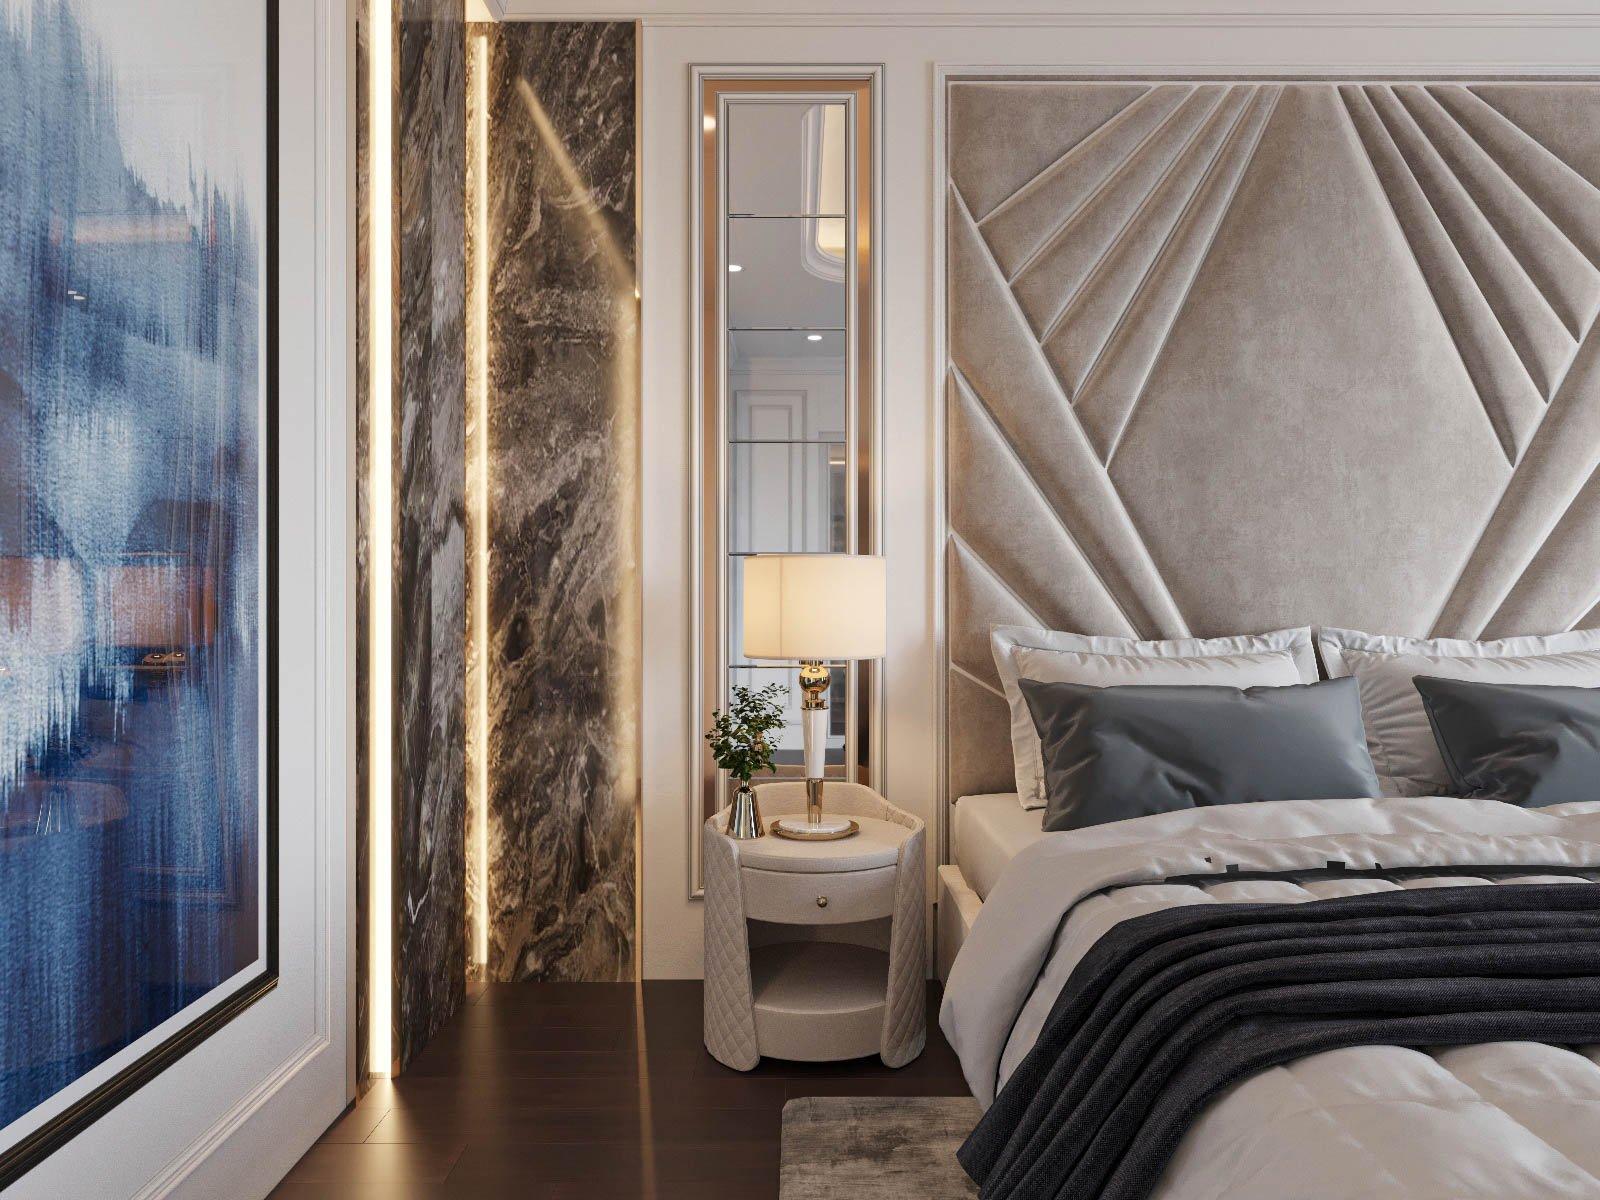 Phòng ngủ được trang bị đầy đủ tiện ích hiện đại với gương chữ nhật dài gắn dọc tường, đèn bàn, tủ ngăn kéo bo tròn mềm mại bài trí đối xứng hai bên.
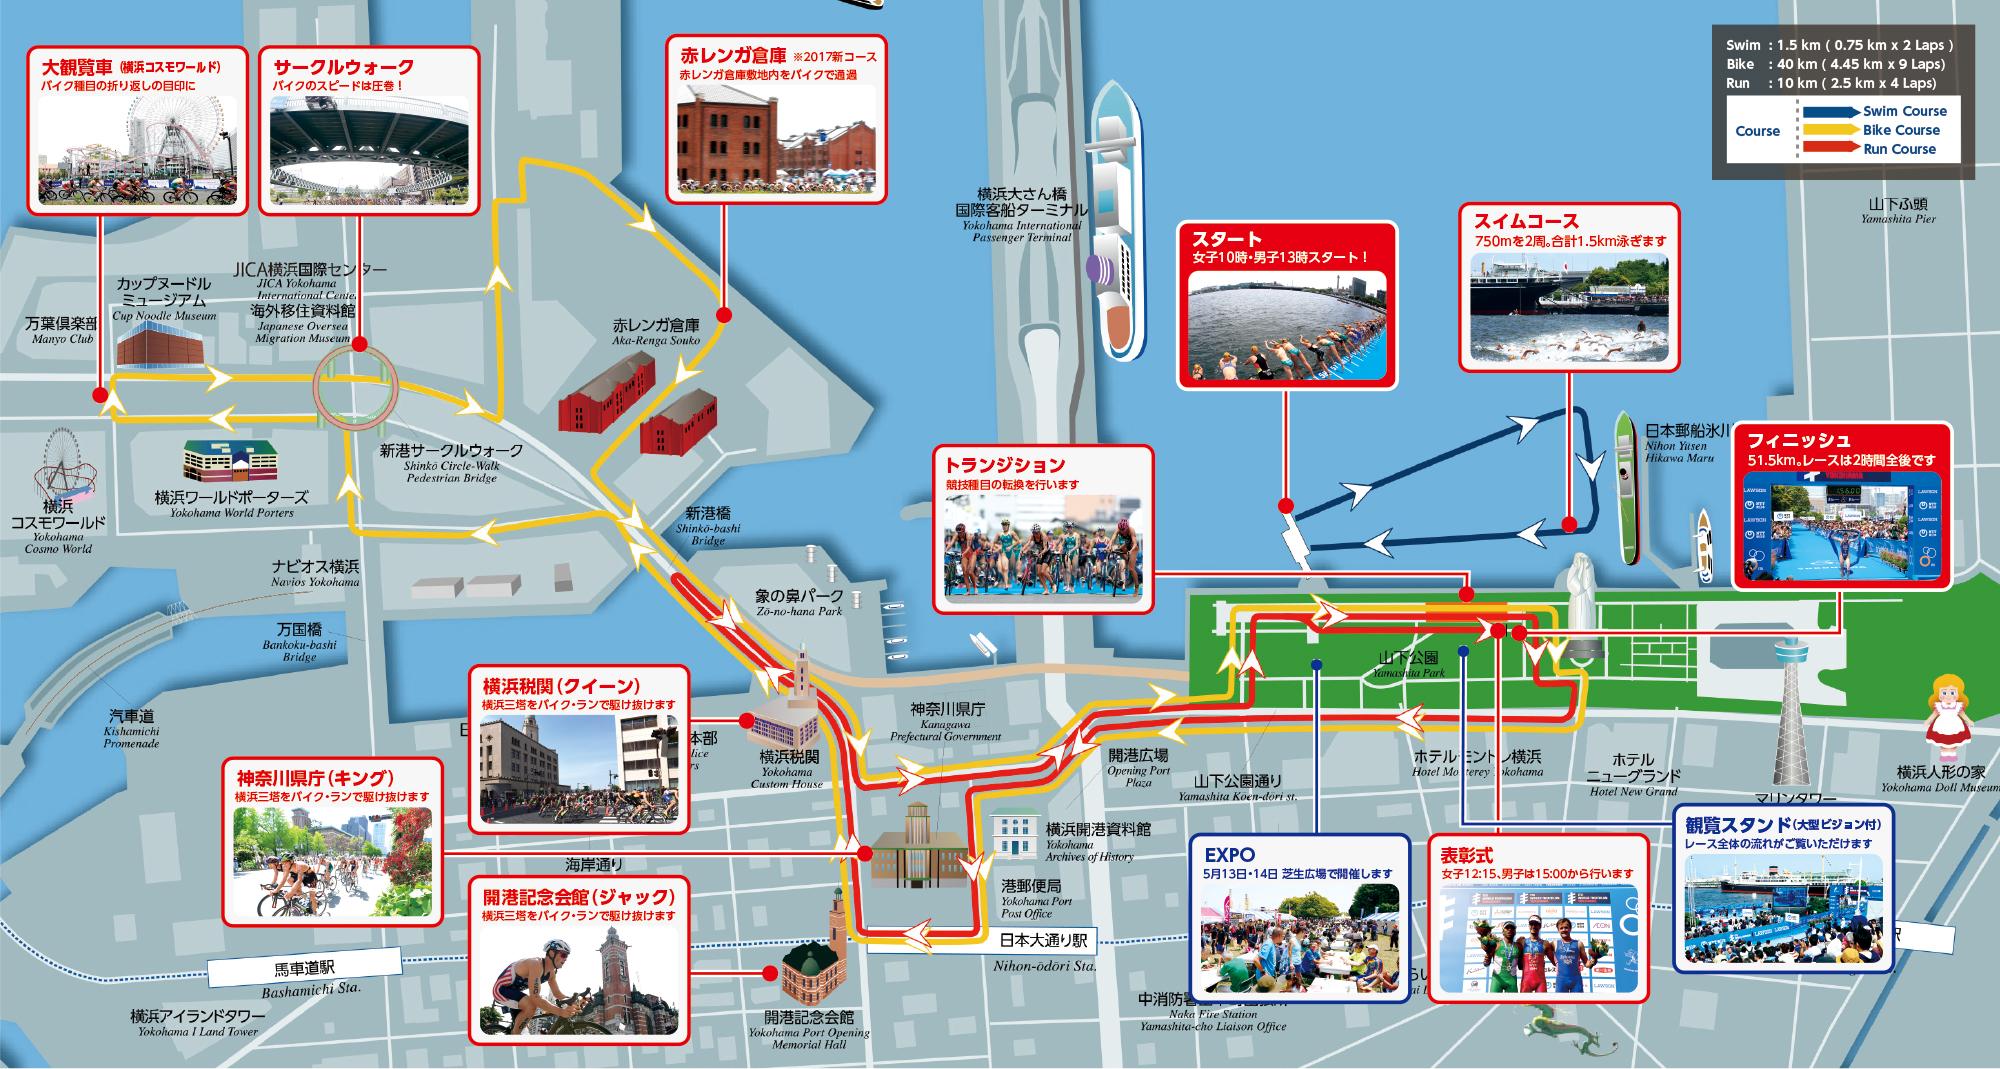 トライアスロン 横浜 コース
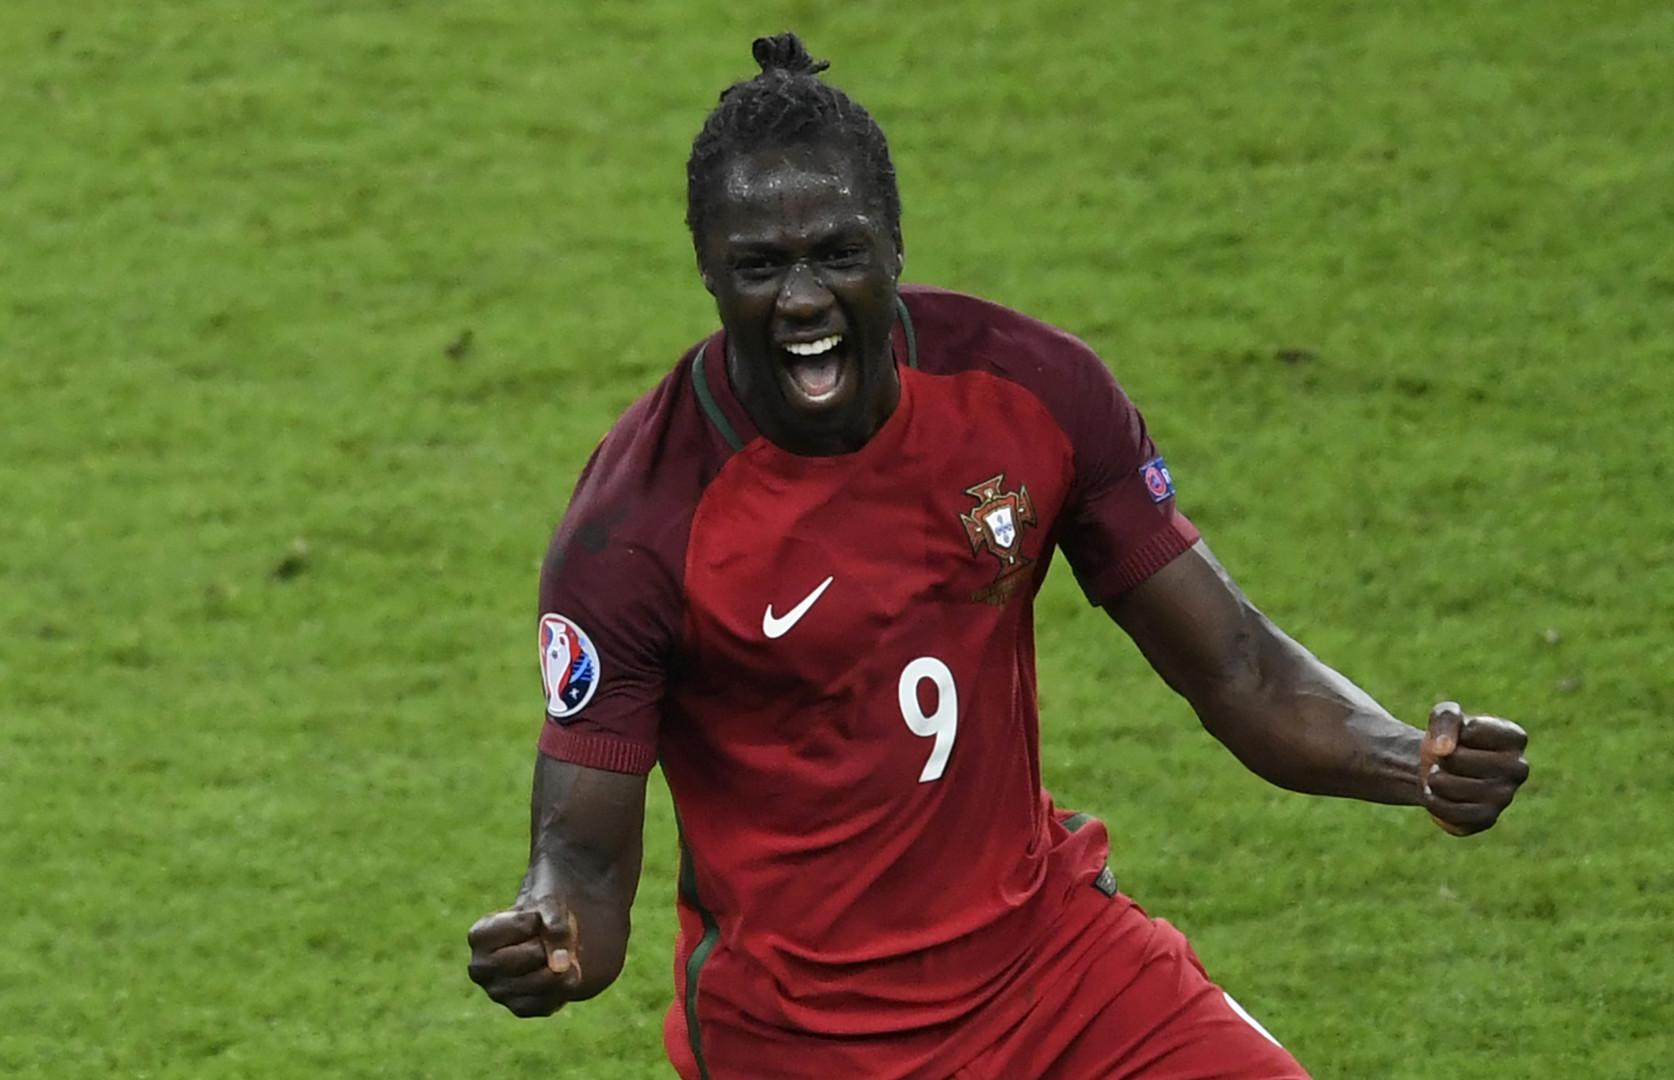 La France battue en finale de l'Euro 2016, «la déception est immense»
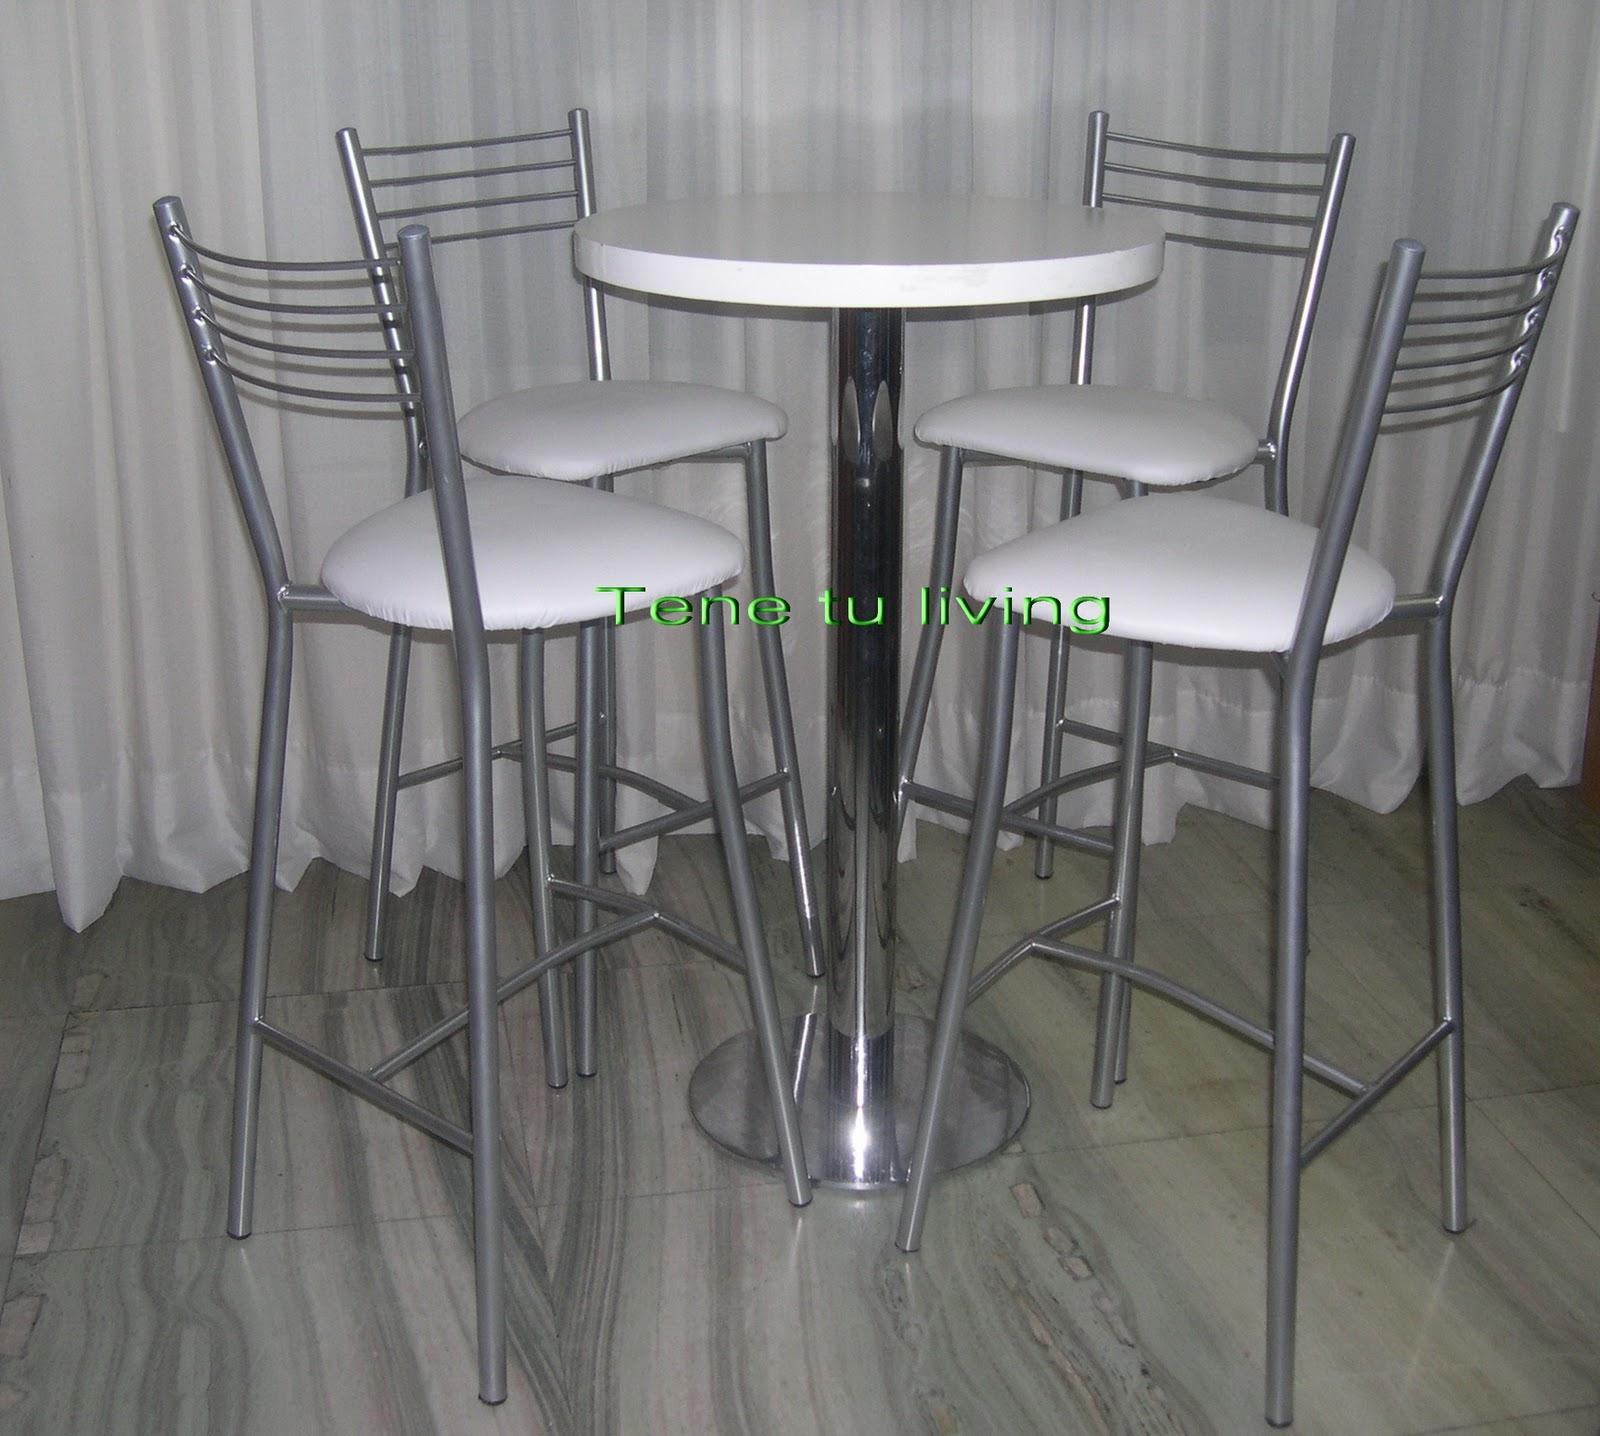 Tene tu living alquiler de mesas y sillas altas para eventos for Sillas para rentar
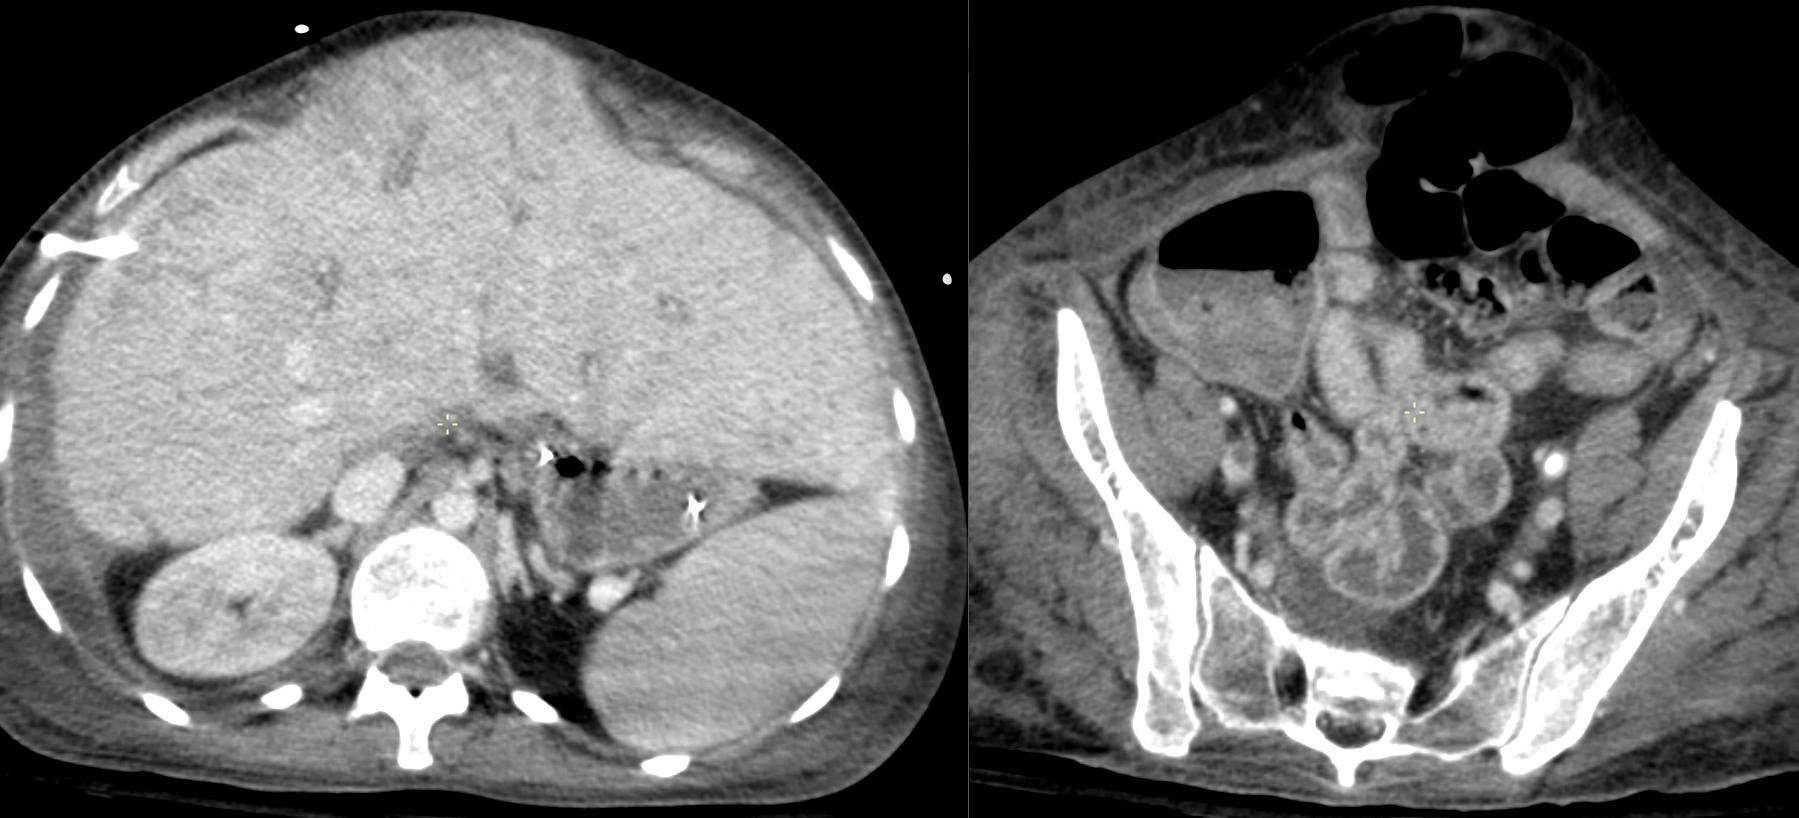 radiologie abdomen aigu
· · · ·
About this exercise: Your task is to reproduce every record exactly while omitting the pictures.

Your response:
 Phòng ngủ được trang bị đầy đủ tiện ích hiện đại với gương chữ nhật dài gắn dọc tường, đèn bàn, tủ ngăn kéo bo tròn mềm mại bài trí đối xứng hai bên.
 トライアスロン 横浜 コース
 La France battue en finale de l'Euro 2016, «la déception est immense»
 Tene tu living alquiler de mesas y sillas altas para eventos for Sillas para rentar
 radiologie abdomen aigu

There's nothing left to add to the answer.